Certes, Belmokhtar a galvanisé. Notamment, le 12 janvier, de vaillants « combattants » djihadistes qui ont incendié le mausolée de Sidi Bou Saïd, au nord de Tunis. Les islamistes radicaux n’avaient pas apprécié qu’il ait été en voie de restauration en vue d’une ouverture fin janvier. À cette occasion, le ministère tunisien de la culture avait condamné « les agressions répétées qui touchent les monuments historiques dont les mausolées et zaouias dans les différentes régions ». Comme à Tombouctou, dis-donc ! Comme dans tout le nord du Mali. En sus « Sidi Bou » (le fameux village) fait sans doute figure de siège de toutes les turpitudes de la société occidentalisée. Belmokhtar a certes « internationalisé », mais avec ce corollaire : les identités nationales de pays musulmans se sentent, s’estiment menacées. Il n’y a pas que les Tunisois ou les soufis (d’autres musulmans encore) qui voient dans le Sahelistan une menace et en Belmokhtar un ennemi « national ».
Allié malgré lui
Que retient l’opinion algérienne, alors même que le commando des « sanguinaires » avait juré-promis ne vouloir s’en prendre qu’aux ressortissants étrangers : « un mort, 685 otages libérés », et une atteinte à la souveraineté nationale.

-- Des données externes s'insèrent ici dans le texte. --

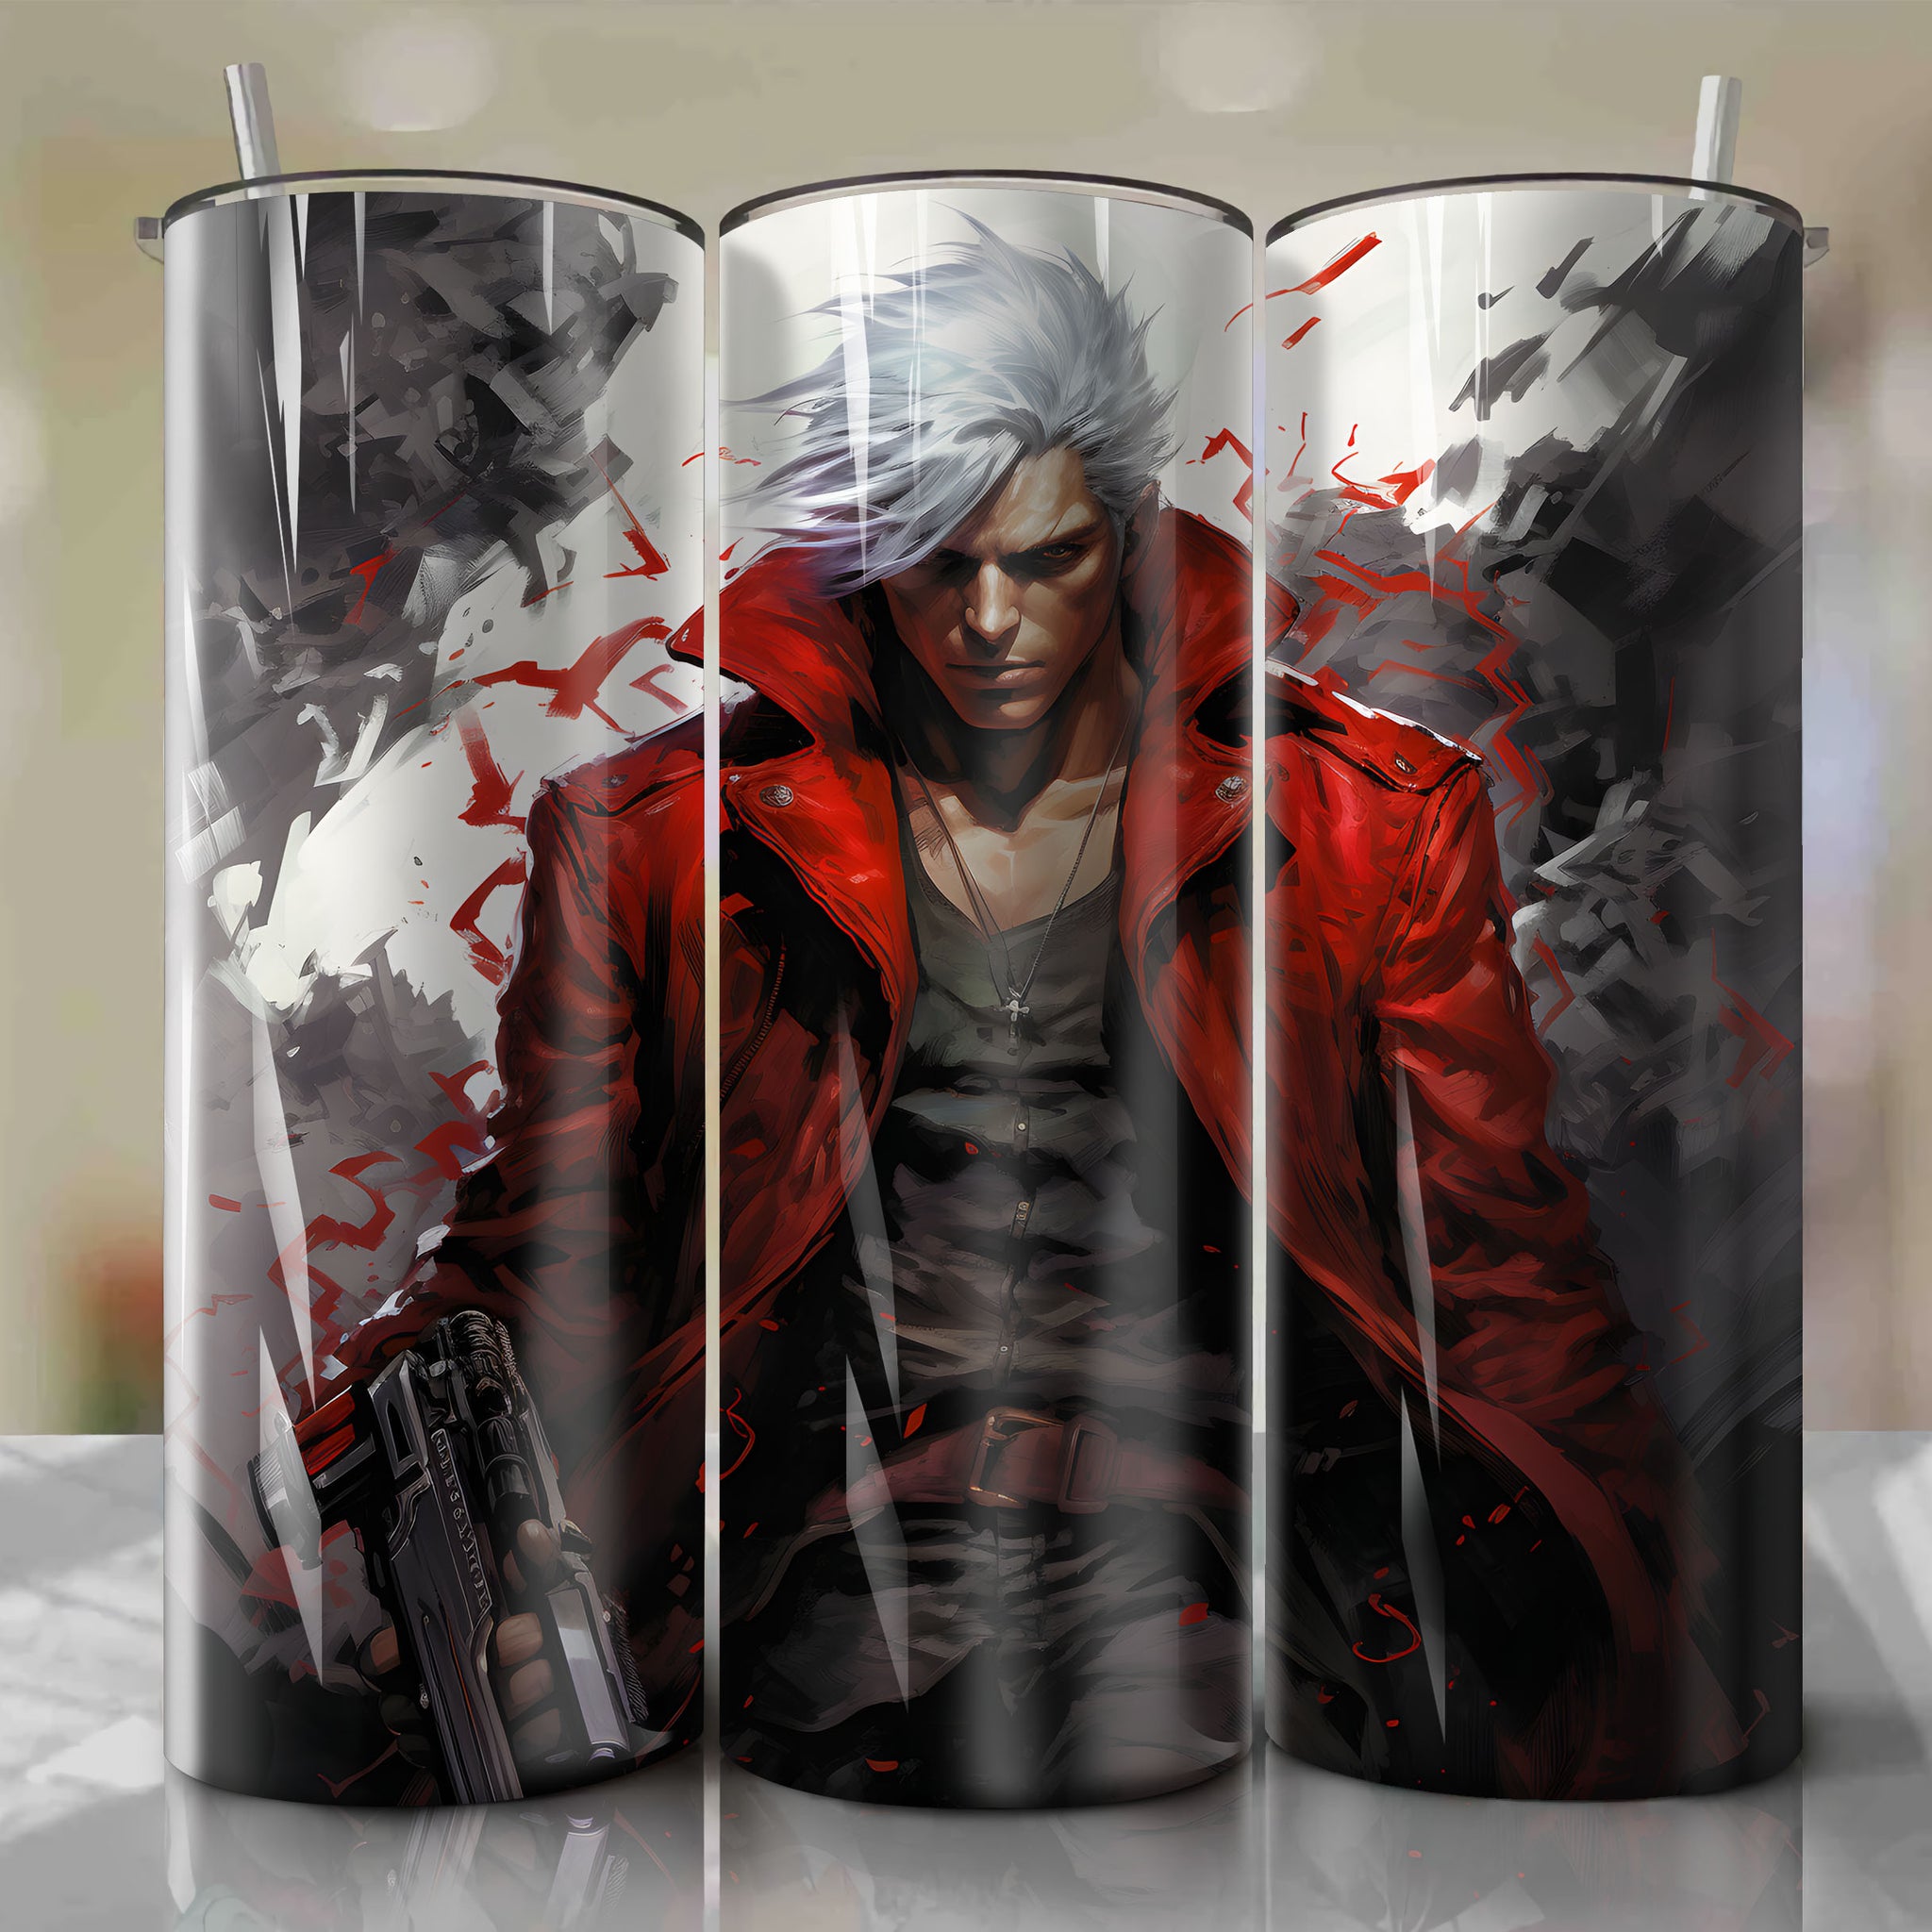 20 Oz Tumbler Wrap - A Stylish Badass Digital Painting for Dante, the Demon Hunter from Devil May Cry

Moctar Belaour, dit Khaled Abu El Abass, l’enturbanné devenu sanguinaire, revendique du Mali, de la France, de l’Afrique, du Maghreb, &c., « le respect de la volonté [du peuple malien musulman] d’appliquer la charia sur son territoire », donc, finalement, de tout le Mali puisqu’il y a des musulmans dans tout le Mali. Il précise que l’opération a mobilisé une quarantaine de djihadistes venant de pays musulmans et de pays occidentaux (on évoque un Français et un Canadien et six nationalités). Il exige le retour du cheikh Omar Abderrahmane en Égypte. Il évoque la mosquée al-Aqsa (ou al-Aksa) dont on ne sait si elle désigne, dans sa rhétorique, celle de l’esplanade des mosquées à Jérusalem ou ce qu’évoque son nom « la plus lointaine », soit on ne sait quelle mosquée japonaise, thaïlandaise, indonésienne ou même australienne ou chilienne. Charia, contrebande, oumma (travail, famille, patrie).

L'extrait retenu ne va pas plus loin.